=== Section Start ===

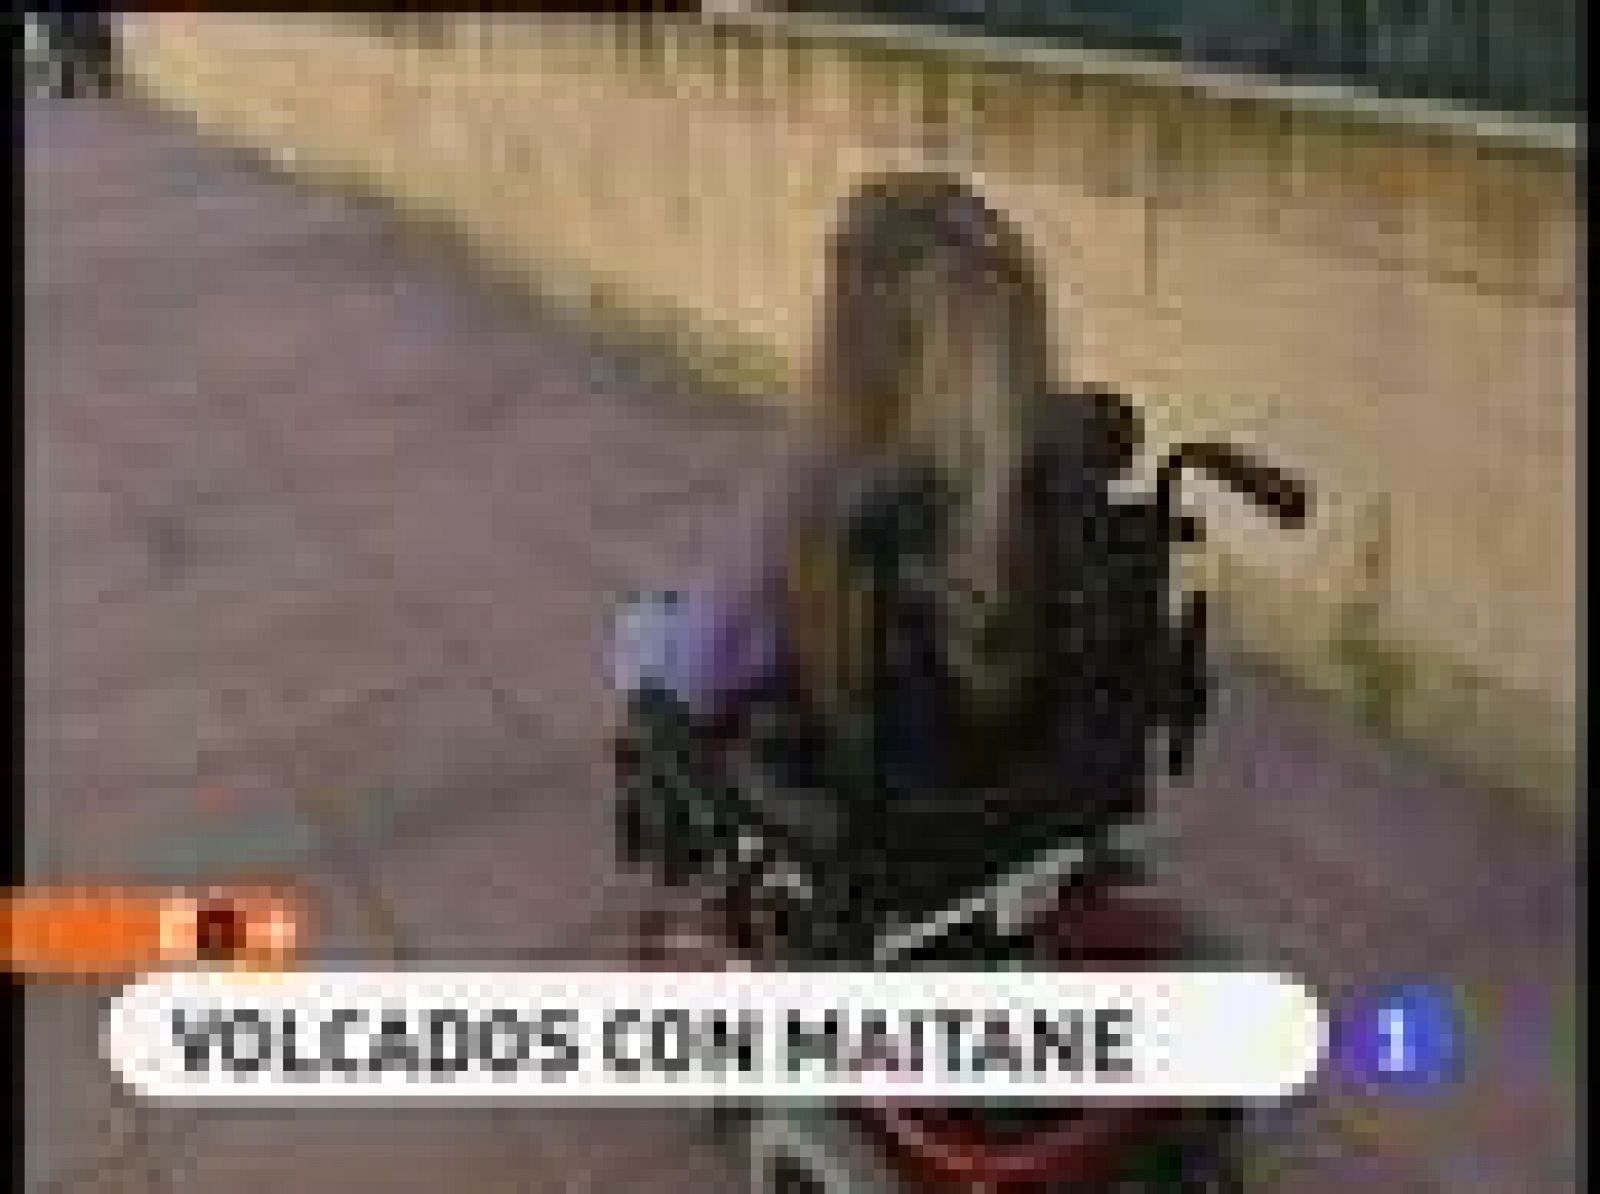 España Directo: Volcados con Maitane | RTVE Play
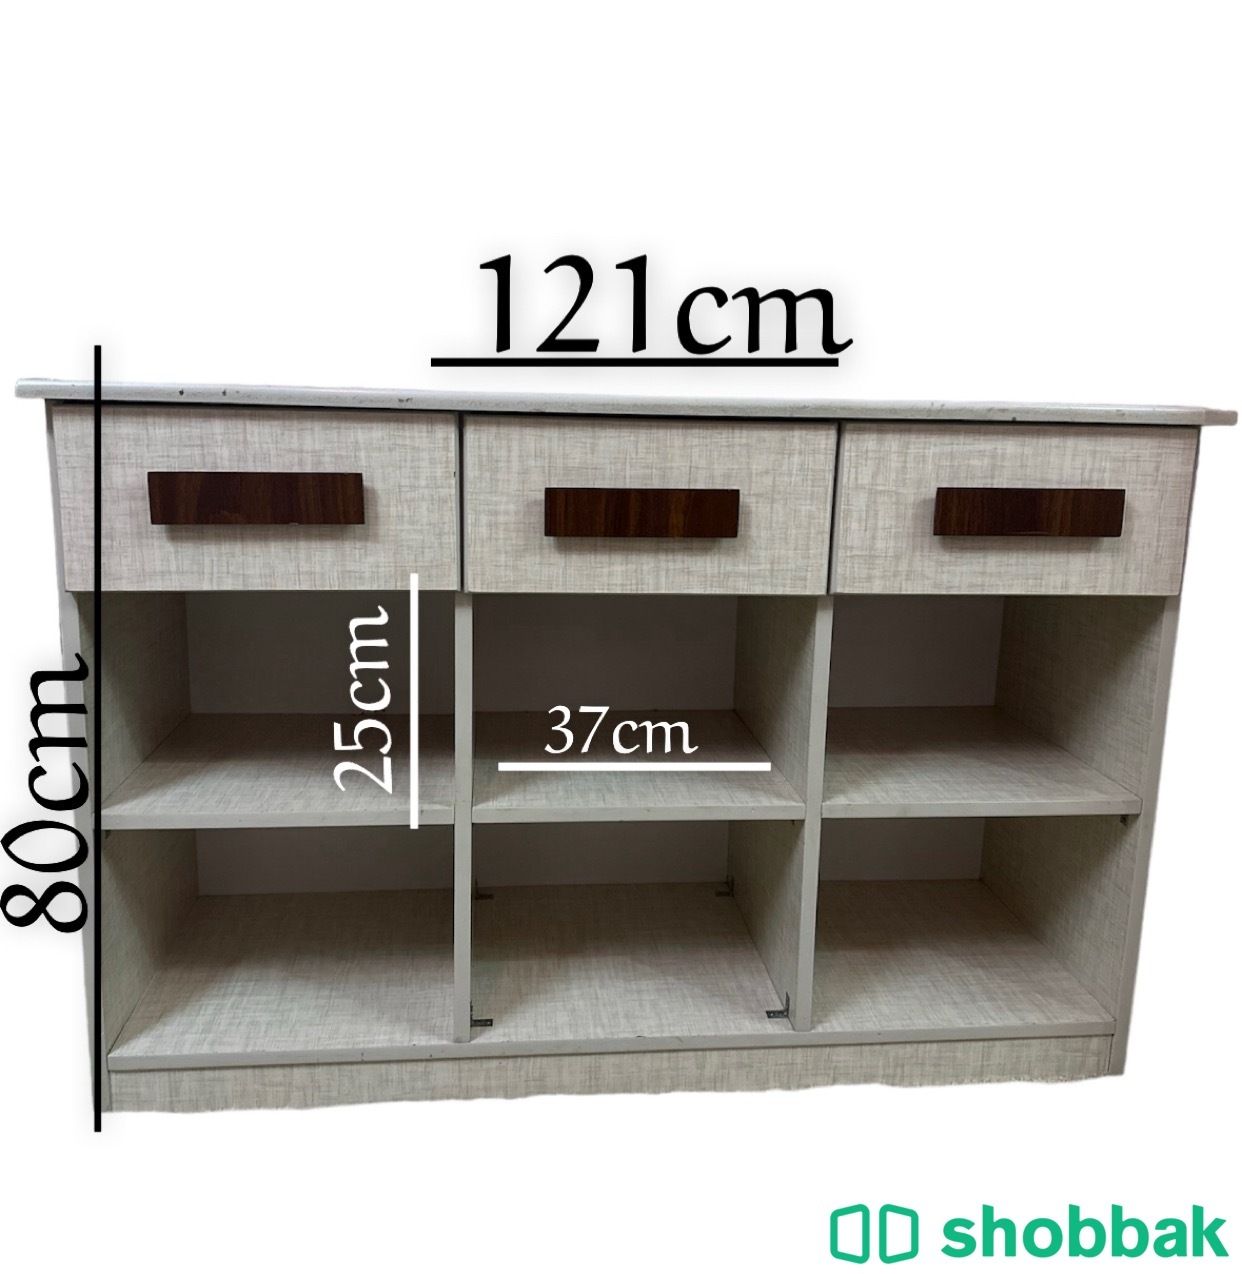 السرير نفر ونص مع ادراج بالحانب والمرتبة… Shobbak Saudi Arabia
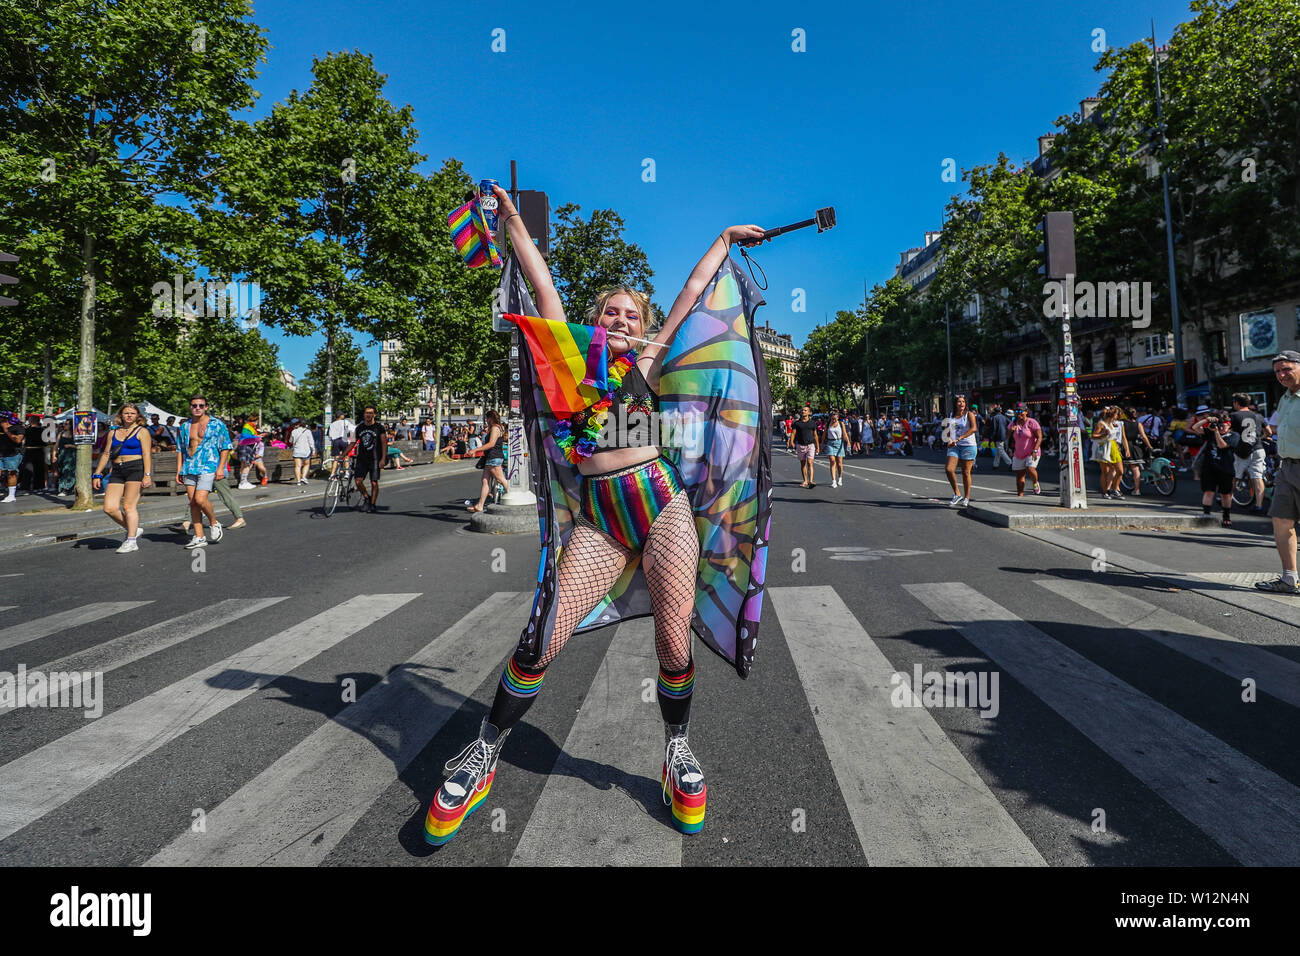 Paris, France. 29 Juin, 2019. Une foule massive de personnes en mars une gay pride le 29 juin 2019 à Paris, France. Brésil : Crédit Photo Presse/Alamy Live News Banque D'Images

=== Section End ===

INSTRUCTIONS TO FOLLOW: Could you give the listing again exactly, minus its pictures?

RESULT BELOW:
 España Directo: Volcados con Maitane | RTVE Play
 السرير نفر ونص مع ادراج بالحانب والمرتبة… Shobbak Saudi Arabia
 Paris, France. 29 Juin, 2019. Une foule massive de personnes en mars une gay pride le 29 juin 2019 à Paris, France. Brésil : Crédit Photo Presse/Alamy Live News Banque D'Images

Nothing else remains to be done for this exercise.